Provided that where the person acquiring the right is a minor or otherwise disqualified, his guardian or other person having charge of his property shall make the report to the Prescribed Officer.

Provided further that any person acquiring a right by virtue of a registered document shall be exempted from the obligation to report to the Prescribed Officer:

Provided also that any person reporting under this Sub-section the acquisition by him of a right in partition in respect of the land shall annex with the report a sketch showing the metes and bounds and other prescribed particulars of such land and such person shall get the sketch prepared by a licensed surveyors.

Explanation I.The rights mentioned above include a mortgage without possession but do not include an easement or a charge not amounting to a mortgage of the kind specified in Section 100 of the Transfer of Property Act, 1882 (Central Act No. 4 of 1882).

Explanation II.A person in whose favour a mortgage is discharged or extinguished or a lease determined acquires a right within the meaning of this Section.

(2) Notwithstanding anything contained in Sub-section (1), the State Government may, by notification, appoint any Revenue Officer to whom a report under Sub-section (1) may be made, in which case such officer shall give a written acknowledgment of the receipt, of such report to the person making it, and forward the report to the Prescribed Officer of the village concerned.

(3) If any person makes a report under Sub-section (1) or Sub-section (2).

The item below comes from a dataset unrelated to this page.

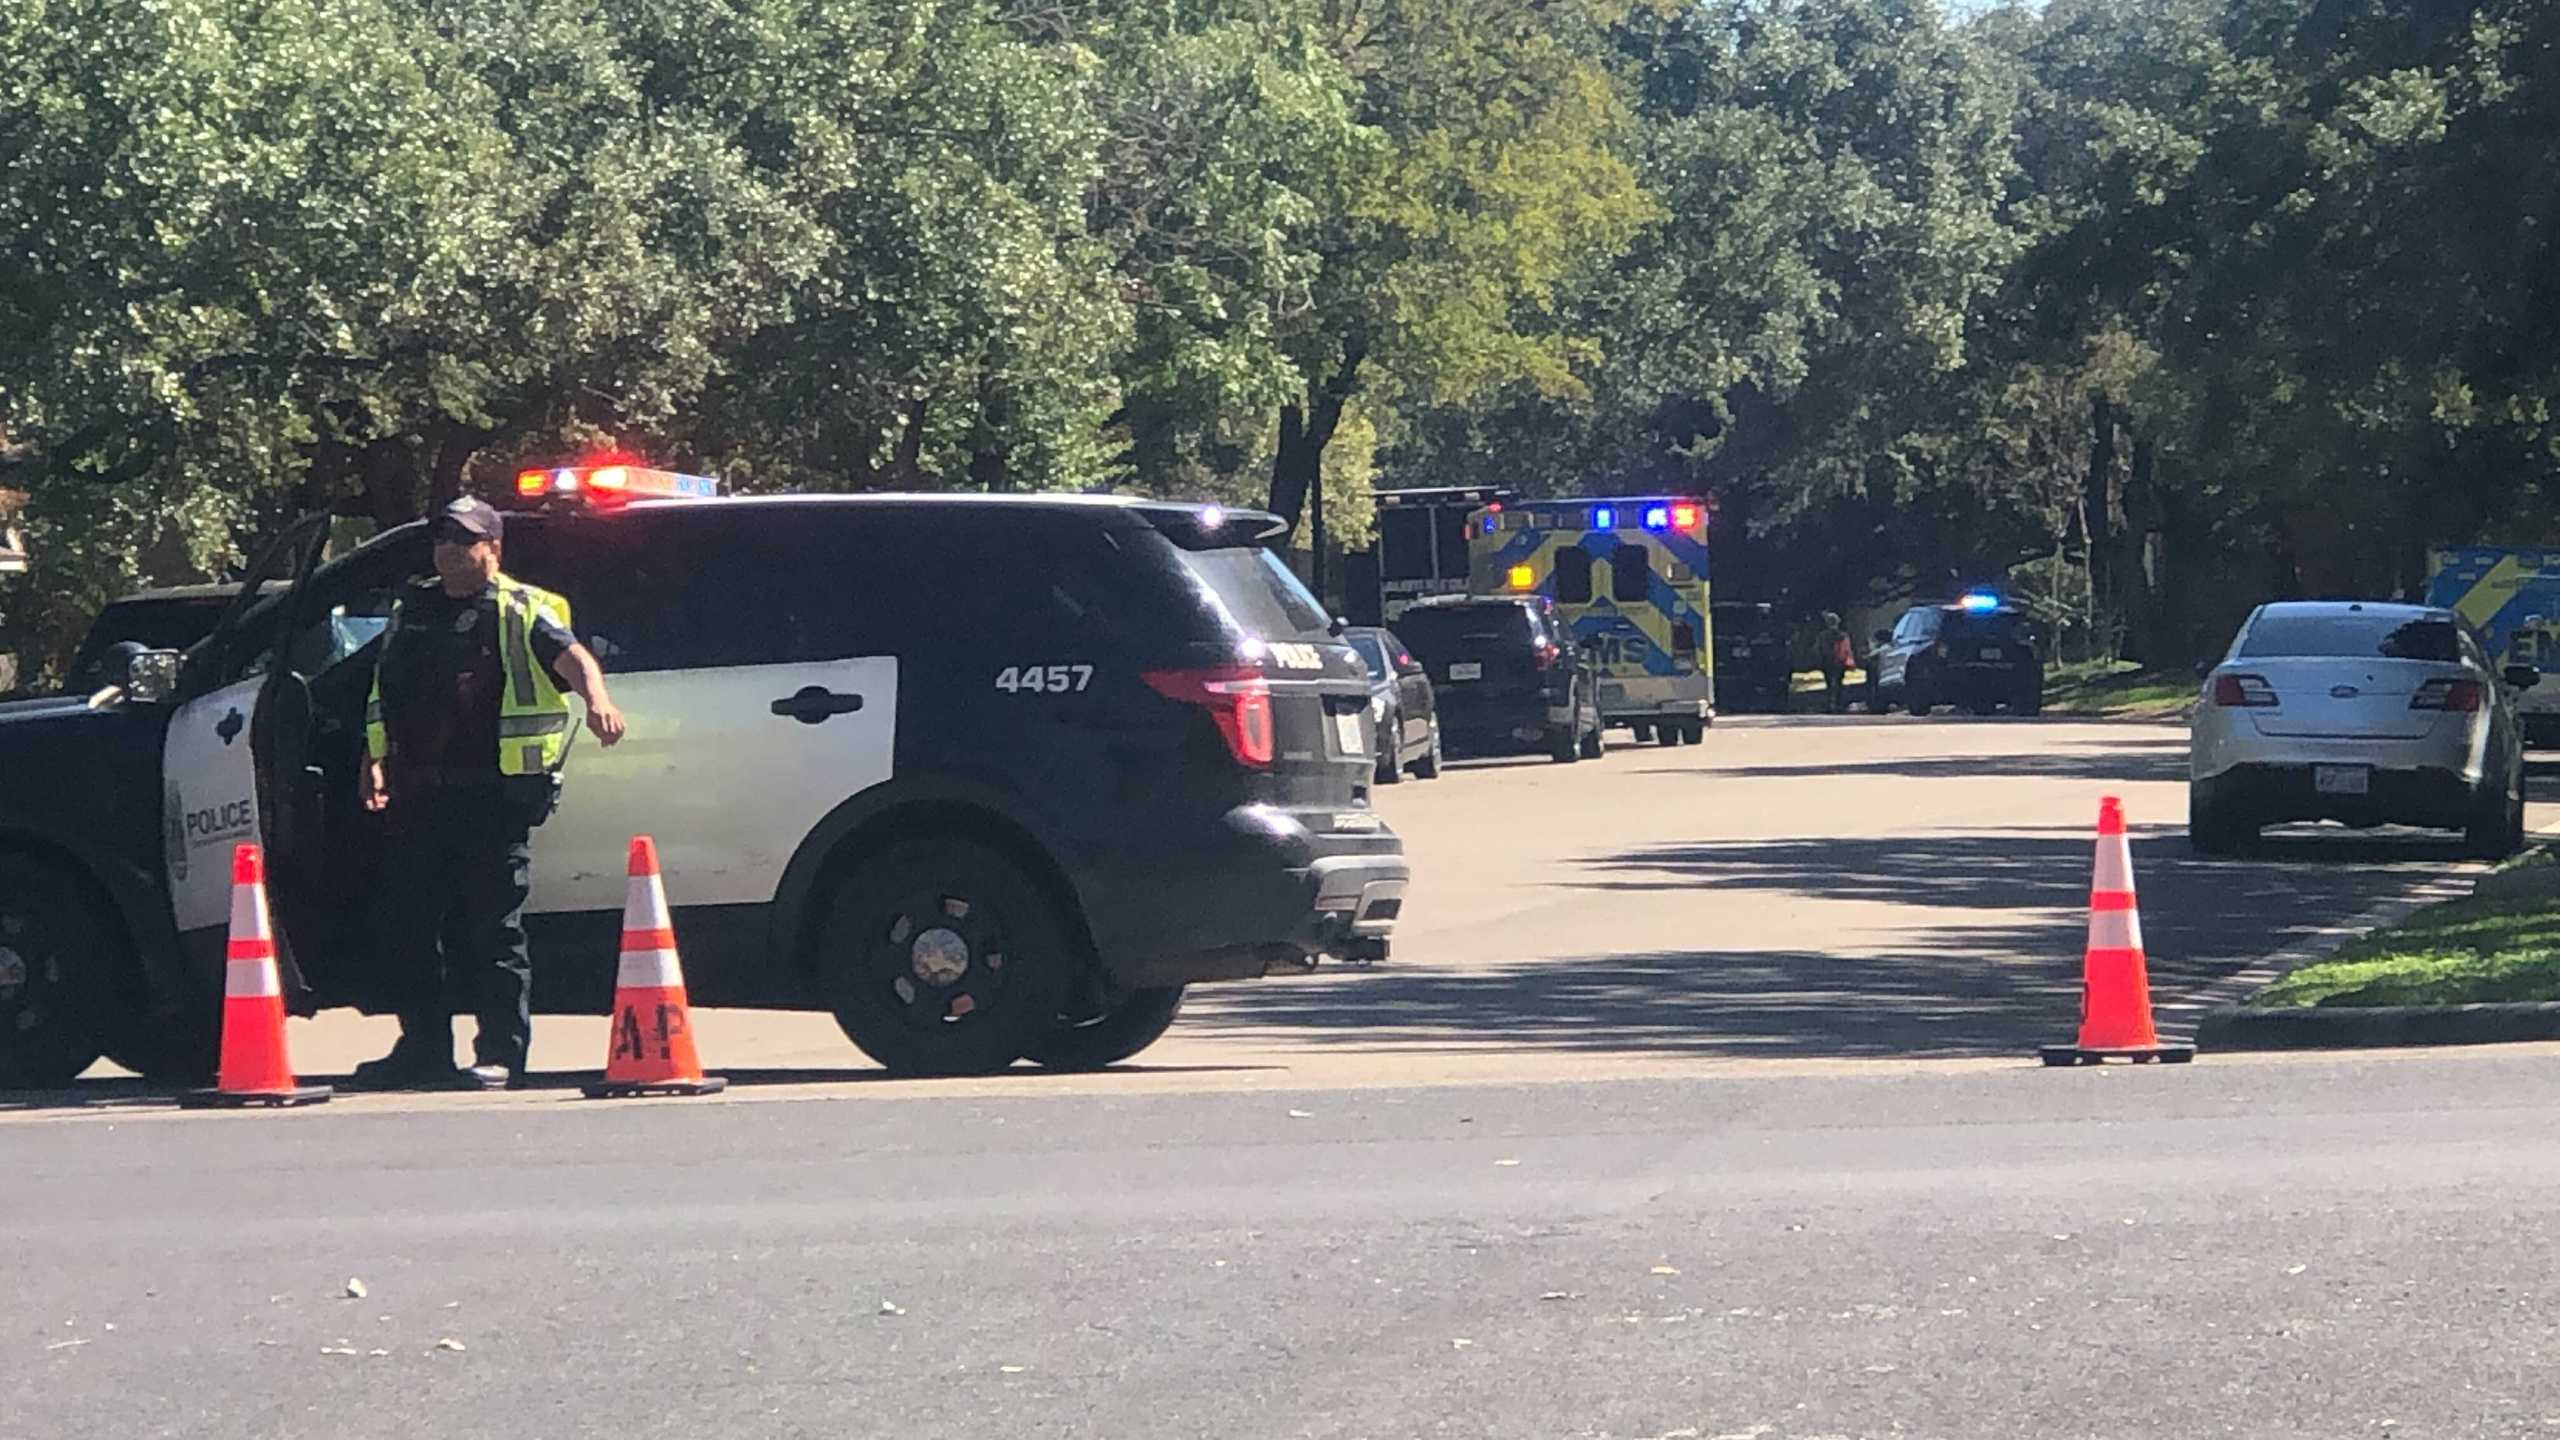 SWAT situation on Pinkney Lane in southwest Austin on Oct. 27, 2021 (KXAN Photo/Frank Martinez)

(a) after the period of three months but within the period of year from the date of acquisition of the right, the report shall be received on payment of a penalty of two rupees;

(b) after a period of one year from the date of such acquisition, the report shall be received on payment of a penalty of not less than two rupees but not exceeding ten rupees, as may be ordered.

(i) by the Tahsildar, in case the report is made under Sub-section (1) to the Prescribed Officer; or

(ii) by the Revenue Officer, in case the report is made to such officer under Sub-section (2).

(4) No document by virtue of which any person acquires a right in any land as holder, occupant, owner, mortgagee, landlord or tenant or assignee of the rent or revenue thereunder, shall be registered under the Indian Registration Act, 1908 (Central Act 12 of 1908), unless the person liable to pay the registration fee also pays to the Registering Authority such fees as may be prescribed for making the necessary entries in the record of rights and registers referred to in Section 129; and on the registration of such a document, the Registering Authority shall make a report of the acquisition of the right to the Prescribed Officer.

17. Even if the statute does not prescribe a period of limitation, any power should be exercised within a reasonable time. Law is very settled (See: State of Gujarat v. Patel Raghav Natha and Ors. ; Mansaram v. S.P. Pathak and Ors. Venkatagiriyappa v. State of Karnataka 1999(6) Kar. L.J. 301 ; LLR 1998 Kar. 4000 and Bangalore Development Authority v. Smt. Sumitradevi 2005(3) Kar. L.J. 67 (DB): ILR 2005 Kar. 1386 (DB)), Exercise of power after lapse of a long time is held to be unreasonable.

18. To act in the year 2001 in respect of a cause of action that had arisen in the year 1924 transcends all perceptions of acting within a reasonable time.

19. In fact even in respect of immovable properties, a period of 12 years is sufficient even for a stranger to perfect his title, and if so, it is not the business of Revenue Authorities to act under a sale deed of the year 1924 for recognising a right under this sale deed of the year 1924 in the year 2001. Definitely much water has flown under the bridge in between these years. It is for this reason I am holding that the order passed by the Tahsildar is not legal and without jurisdiction and it calls for interference. The affirmation orders suffer the same defect,

20. In the result this writ petition is allowed and the orders dated 4-8-2001,. 18-1-2002 and 13-12-2002 vide Annexures-K, L and M respectively to the writ petition are quashed by issuing a writ of certiorari.

21. Rule made absolute.

22. If the fourth respondent still claiming title by any means, liberty is reserved to the fourth respondent to workout his remedies before the Civil Court, get his rights determined and seek for suitable correction in the revenue records.